I have been trying to recreate API calls using your script (made some modifications to be able to run it directly from the CLI), and I am noticing key differences between the img2img generations that are made using the API calls versus what is being generated when I use the exact same parameters and seed from the base stable diffusion UI.

The main issue that I see in terms of the difference is that I am not able to use high CFG_SCALE values when calling using the API. Through the UI, I can go up to the mid to high 20s before I start seeing a lot of noise (blue striations and massive unwanted streaks) in the images. However, when I use the API, if I at any time go over a CFG_SCALE of 10, at any img similarity, I begin to get these unwanted streaks.

Do you have any idea why this might be? I made sure all parameters including sample, cfg scale, denoising strength, steps, etc are honored.

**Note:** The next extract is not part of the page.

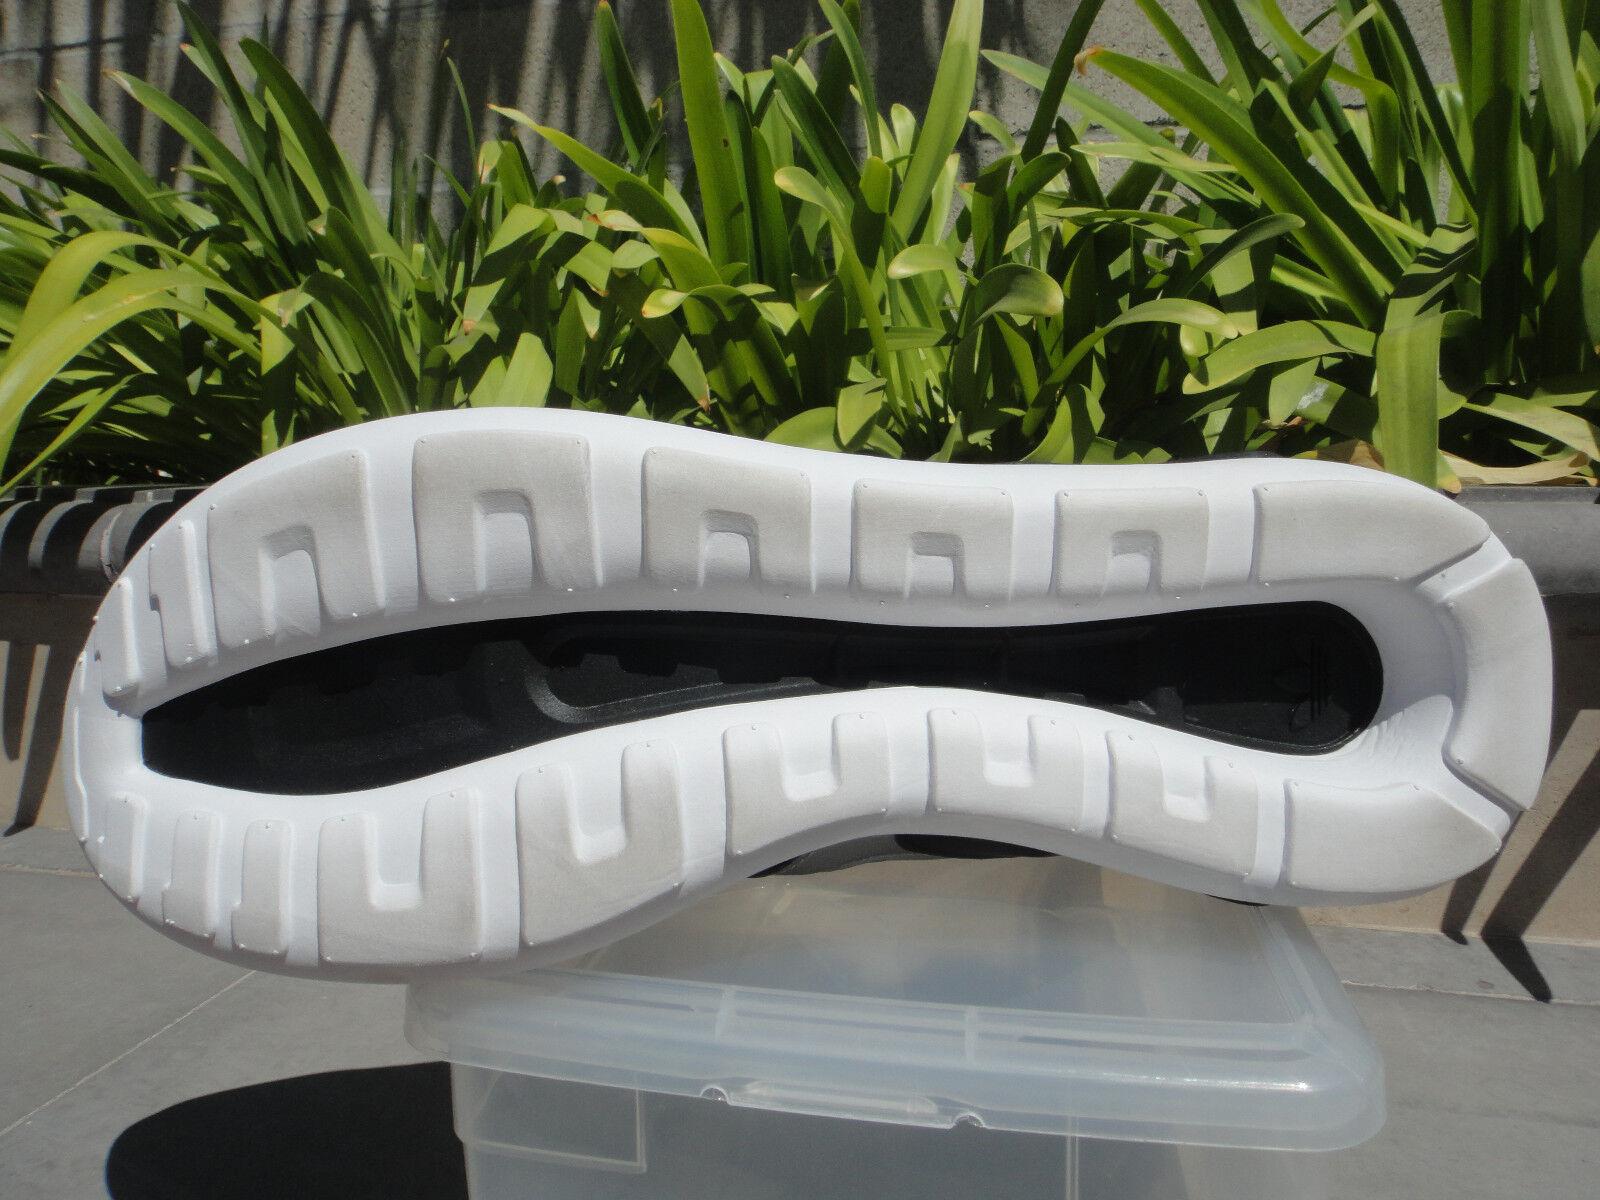 Vendita!adidas tubulare nero / grigio / bianco us11.5 corridore cuoio / tessile b25525 uomini us11.5 bianco e13371

Curious to hear your thoughts. I went into my SD code and printed the outputs of the parameters to compare. These are not one to one variables because different workflows are called internally in SD based on whether it's an API call or a UI call, but theoretically these calls from the API should not be as overbaked as they are appearing.

To reproduce

UI CALL:

'prompt': 'beautiful holy city on top of a mountain, sci-fi concept art, hyperdetailed, 8k, trending on Artstation', 'prompt_for_display': None, 'negative_prompt': '', 'styles': ['None', 'None'], 'seed': 1748681168.0, 'subseed': -1, 'subseed_strength': 0, 'seed_resize_from_h': 0, 'seed_resize_from_w': 0, 'sampler_index': 2, 'batch_size': 1, 'n_iter': 1, 'steps': 100, 'cfg_scale': 30, 'width': 576, 'height': 1024, 'restore_faces': False, 'tiling': False, 'do_not_save_samples': False, 'do_not_save_grid': False, 'extra_generation_params': {}, 'overlay_images': None, 'eta': None, 'do_not_reload_embeddings': False, 'paste_to': None, 'color_corrections': None, 'denoising_strength': 0.27, 'sampler_noise_scheduler_override': None, 'ddim_discretize': 'uniform', 's_churn': 0, 's_tmin': 0, 's_tmax': inf, 's_noise': 1.0, 'override_settings': {}, 'scripts': None, 'script_args': None, 'all_prompts': None, 'all_seeds': None, 'all_subseeds': None, 'init_images': [<PIL.Image.Image image mode=RGB size=1080x1920 at 0x197BCFA9960>], 'resize_mode': 0, 'init_latent': None, 'image_mask': None, 'latent_mask': None, 'mask_for_overlay': None, 'mask_blur': 4, 'inpainting_fill': 1, 'inpaint_full_res': False, 'inpaint_full_res_padding': 32, 'inpainting_mask_invert': 0, 'mask': None, 'nmask': None, 'image_conditioning': None

API CALL:

'resize_mode': 0, 'denoising_strength': 0.23, 'mask': None, 'mask_blur': 4, 'inpainting_fill': 0, 'inpaint_full_res': True, 'inpaint_full_res_padding': 0, 'inpainting_mask_invert': 0, 'prompt': 'beautiful holy city on top of a mountain, sci-fi concept art, hyperdetailed, 8k, trending on Artstation', 'styles': None, 'seed': 1748681168, 'subseed': -1, 'subseed_strength': 0, 'seed_resize_from_h': -1, 'seed_resize_from_w': -1, 'batch_size': 1, 'n_iter': 1, 'steps': 50, 'cfg_scale': 30.0, 'width': 576, 'height': 1024, 'restore_faces': False, 'tiling': False, 'negative_prompt': None, 'eta': None, 's_churn': 0.0, 's_tmax': None, 's_tmin': 0.0, 's_noise': 1.0, 'override_settings': None, 'sampler_index': 'LMS', 'include_init_images': False}

Error log

No direct errors are printed

Environment

Blender version (upper right corner of splash screen):
AI Render version (find in Preferences > Add-ons):
Operating system (Windows/Mac/Linux):

Screenshots/video

No response

Additional information

No response

Michaelvirga commented 1 year ago

tmp9gywwiwe

Michaelvirga commented 1 year ago

0026

benrugg commented 1 year ago

Hmm, that's a really interesting question. I don't know what's going on with that, but I'll throw out a couple potential things to check:

Is the model/engine the same? i.e. are you using Stable Diffusion 2.1 in both places?
It's possible that higher steps in the API would fix the issues. I know you said you used the same values, but based on the images it seems like lower steps would potentially cause the issues in the second image.
Do you need to use such a high cfg_scale? I'm not sure I've seen anyone purposely drive it that high (I'm genuinely curious!)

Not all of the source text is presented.